• **Exercise description**
Go through the data and copy every line exactly, but not the images.

• **Source material**
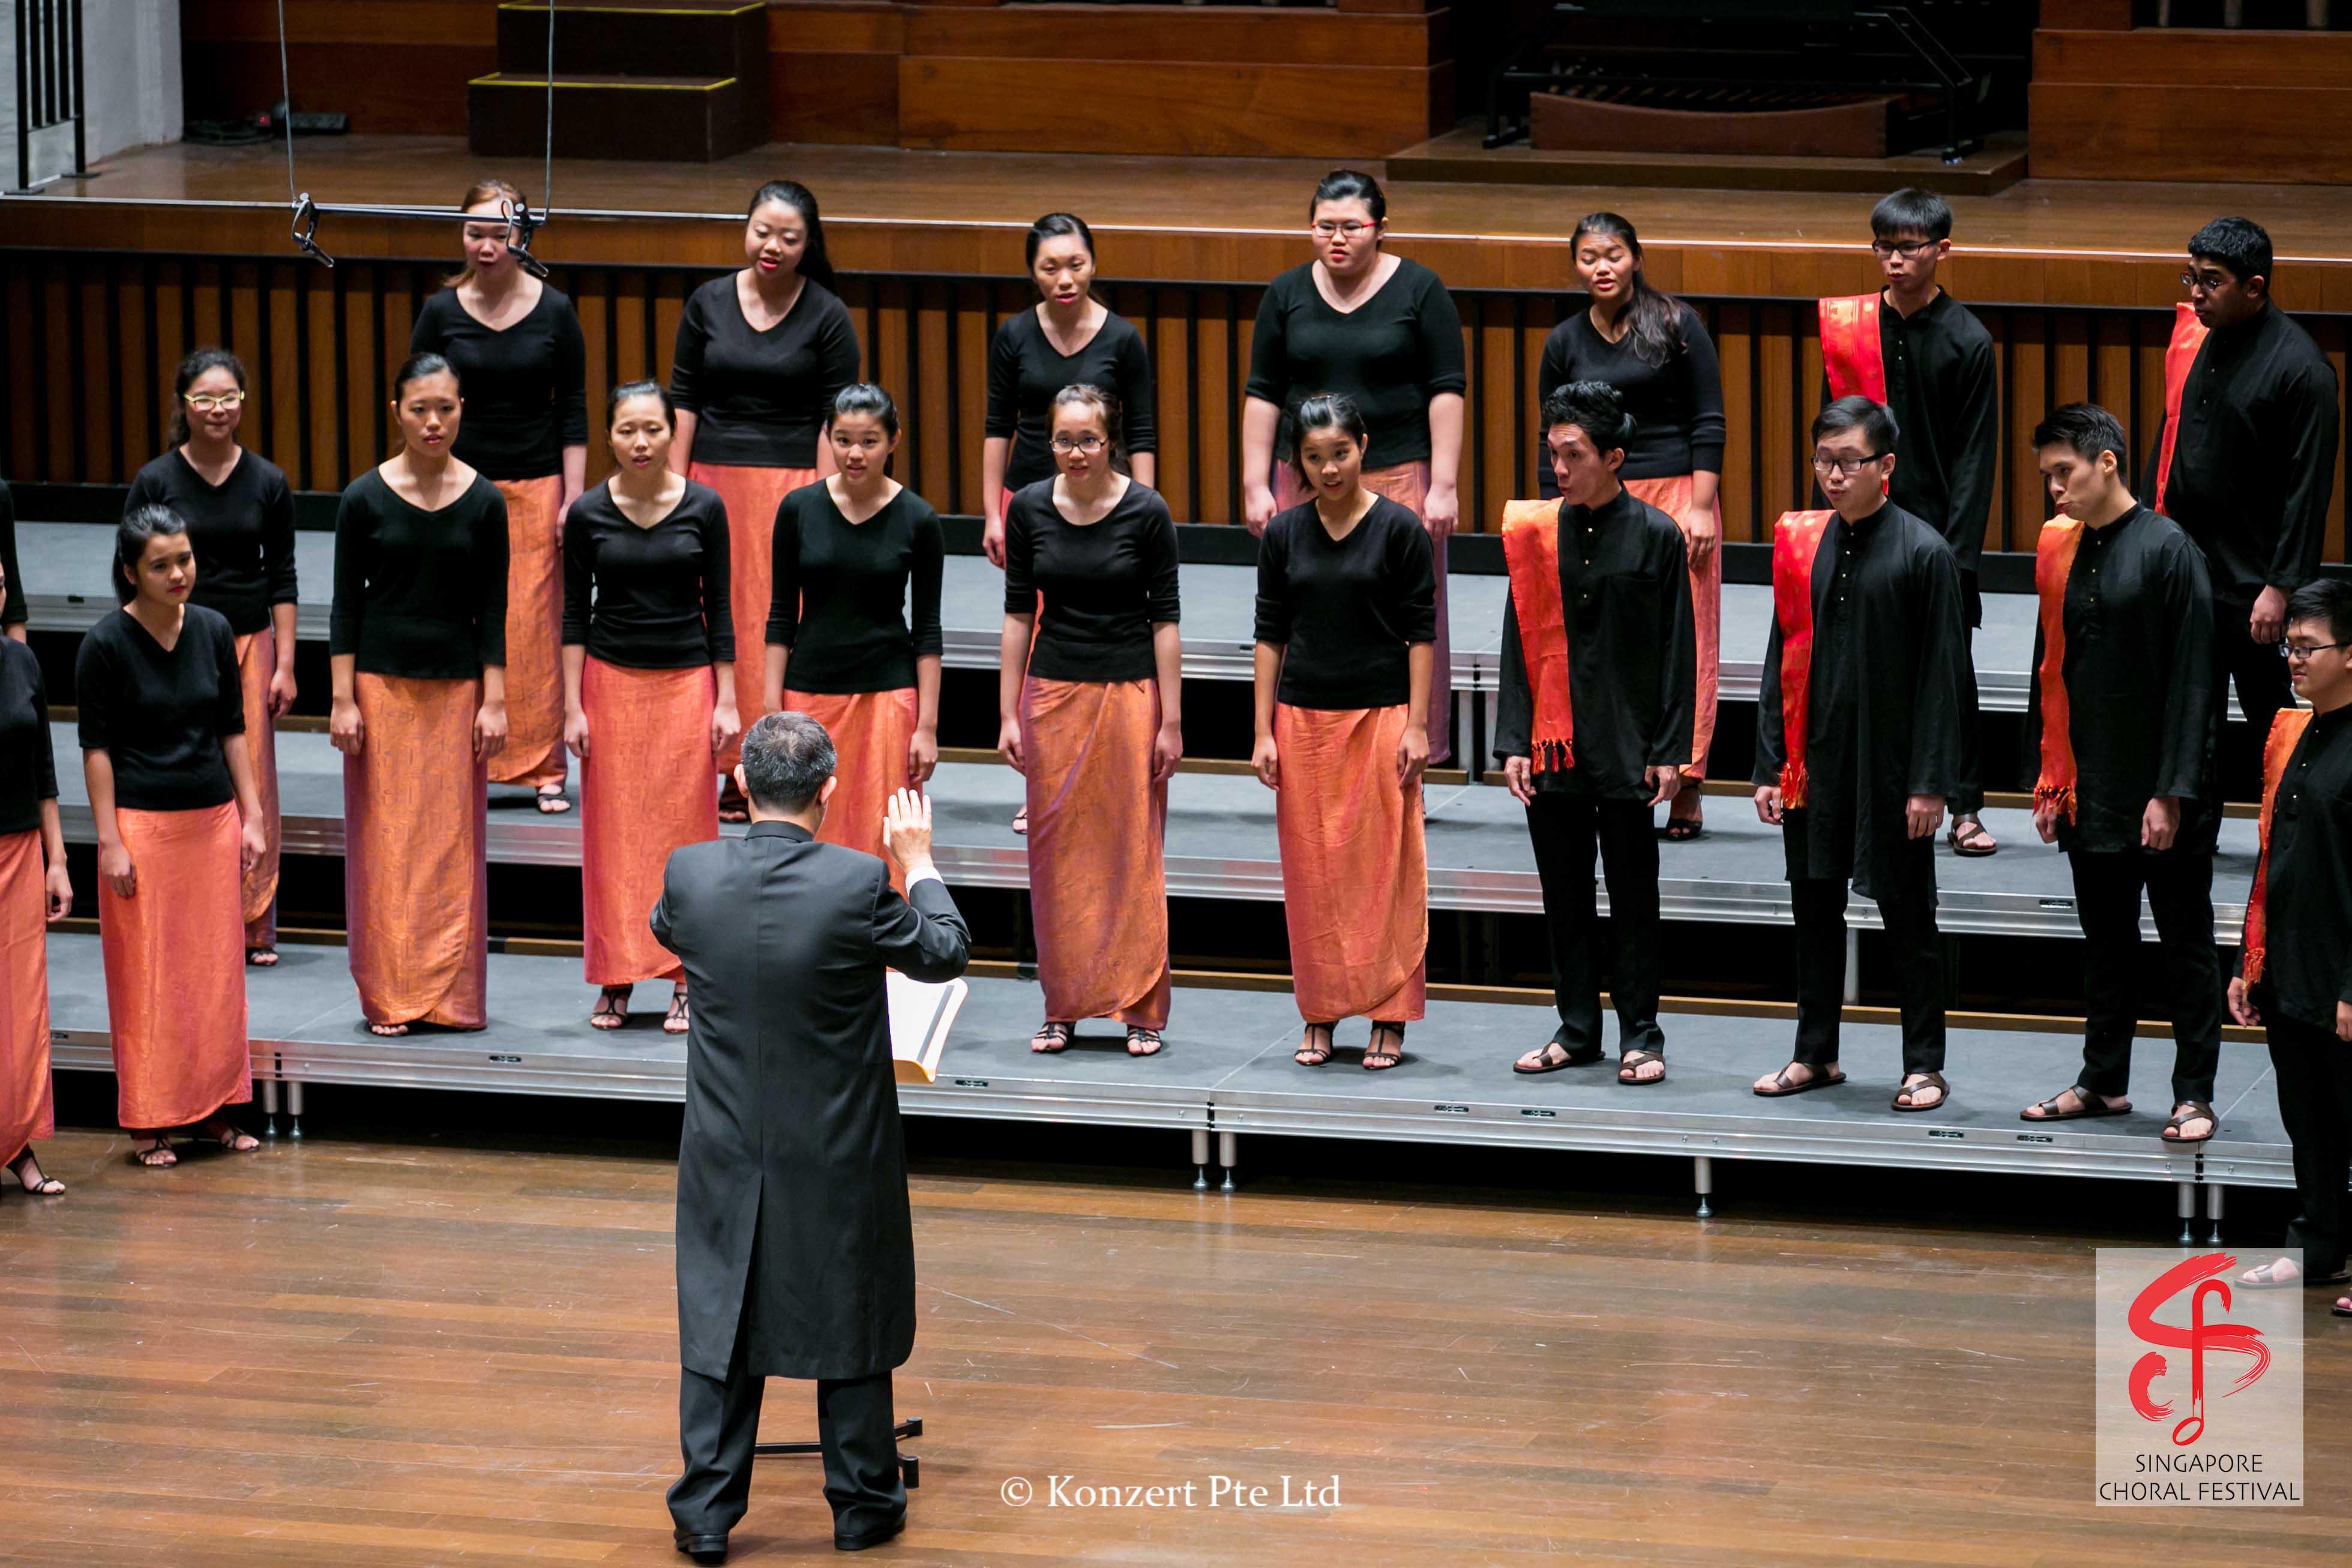 Singapore Choral Festival 7-8-15 (293).jpg
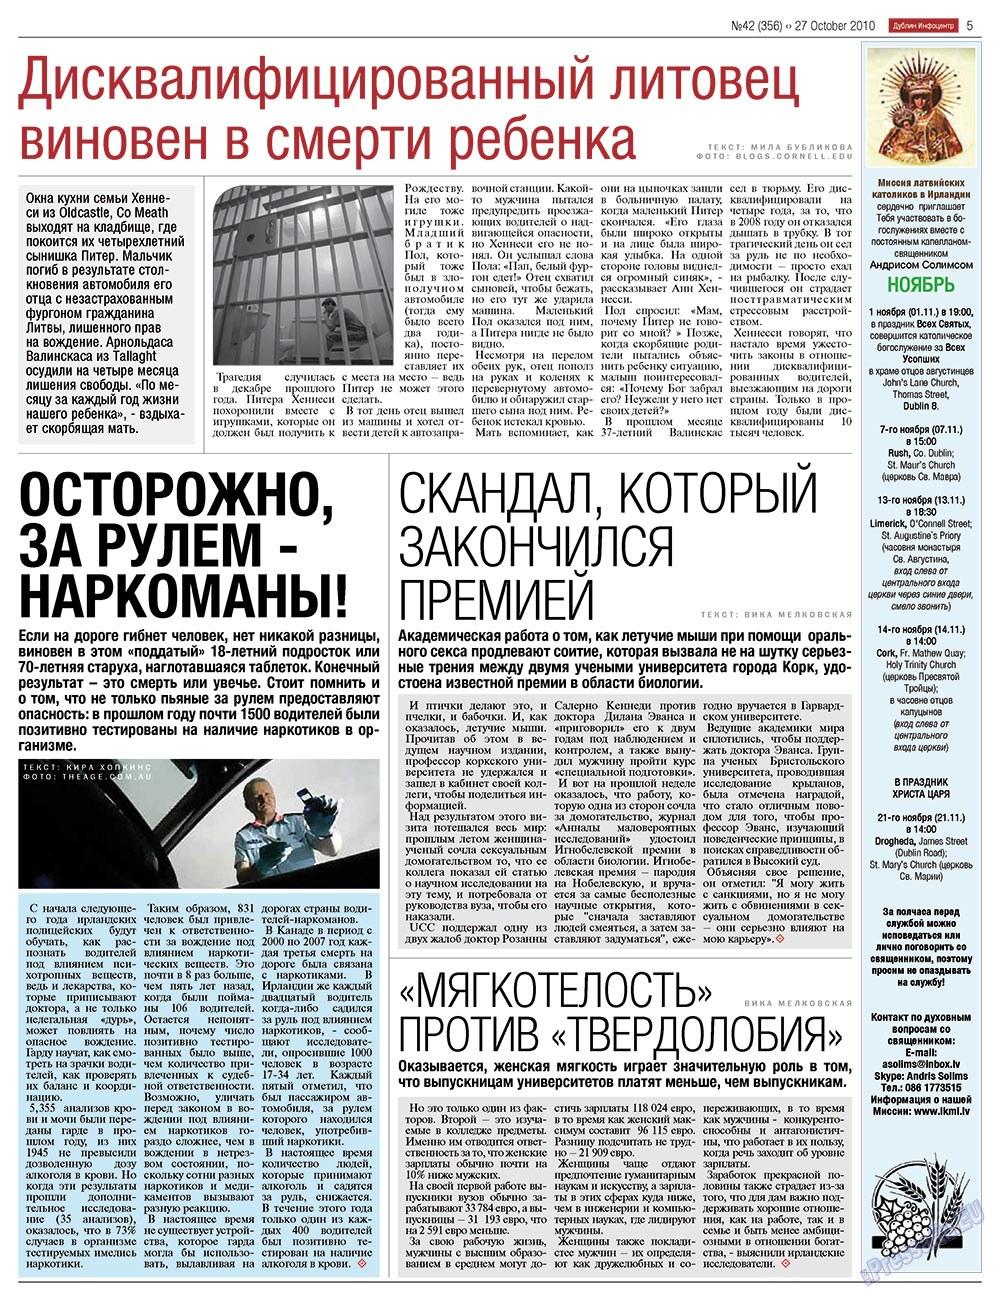 Дублин инфоцентр (газета). 2010 год, номер 42, стр. 5
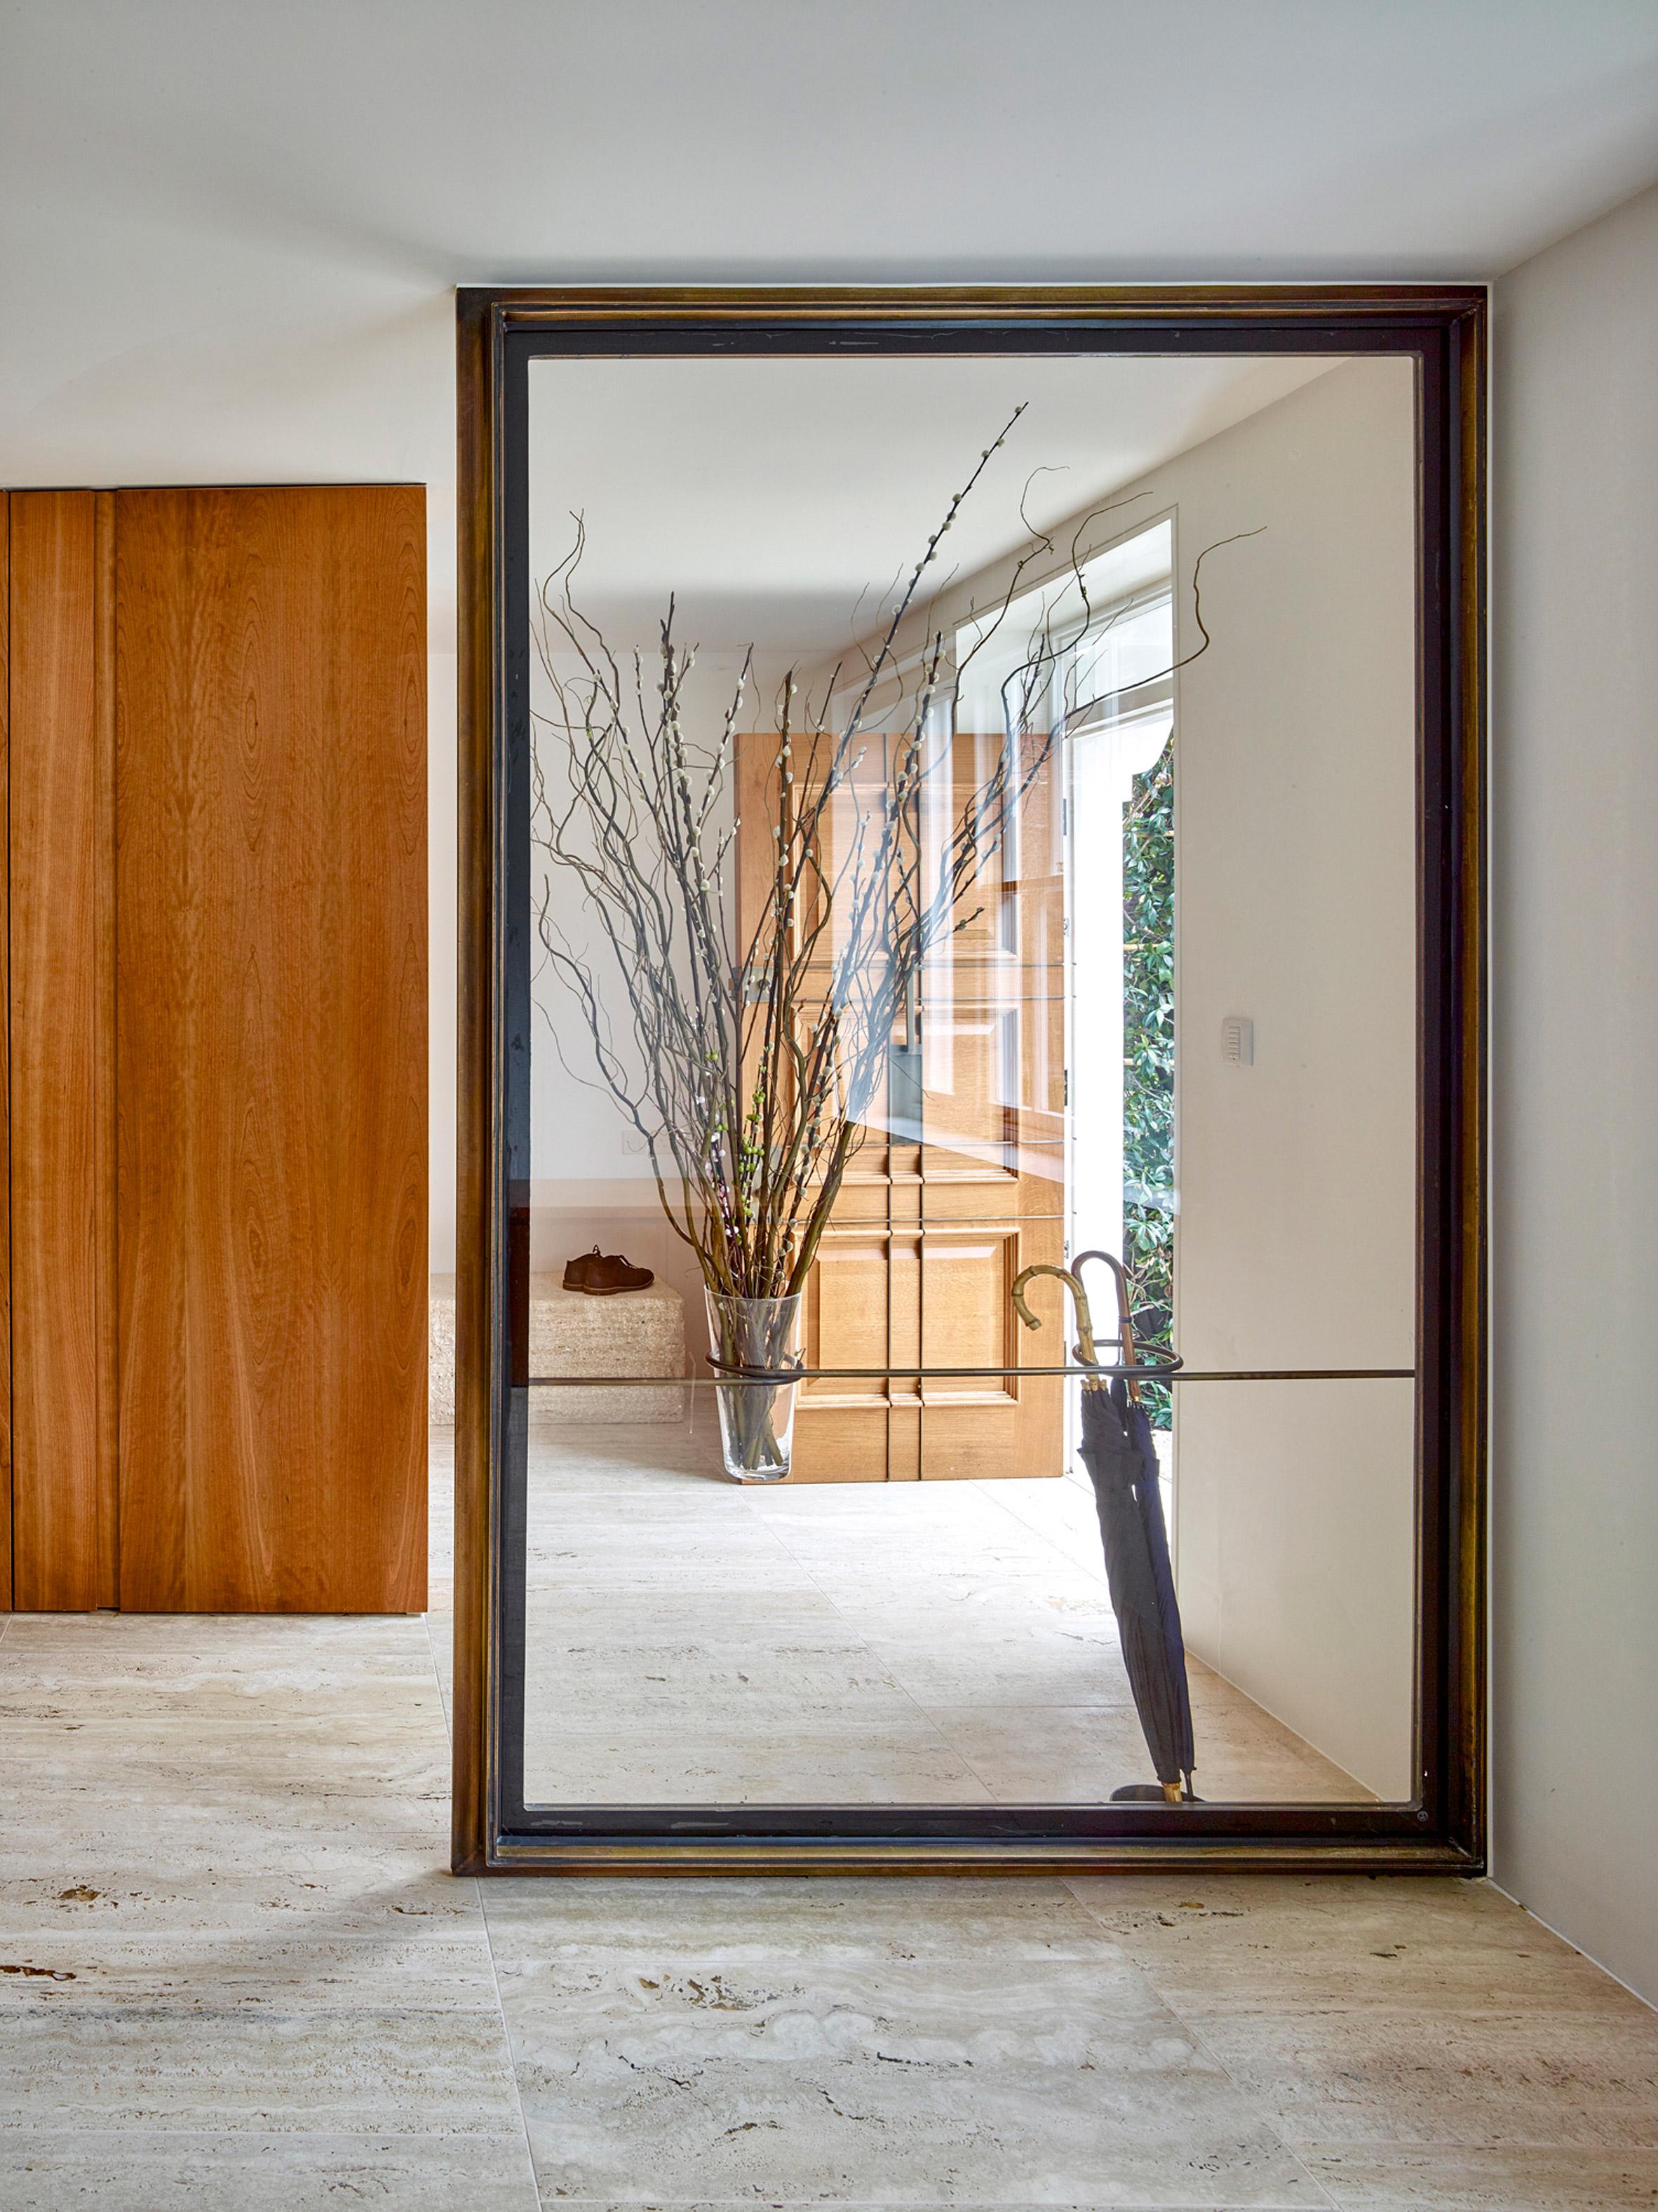 Caroline Place terrace, Kensington, London, by Amin Taha Architects + Group Work

• **Written response**
 Singapore Choral Festival 7-8-15 (293).jpg
 Дублин инфоцентр (газета). 2010 год, номер 42, стр. 5
 Caroline Place terrace, Kensington, London, by Amin Taha Architects + Group Work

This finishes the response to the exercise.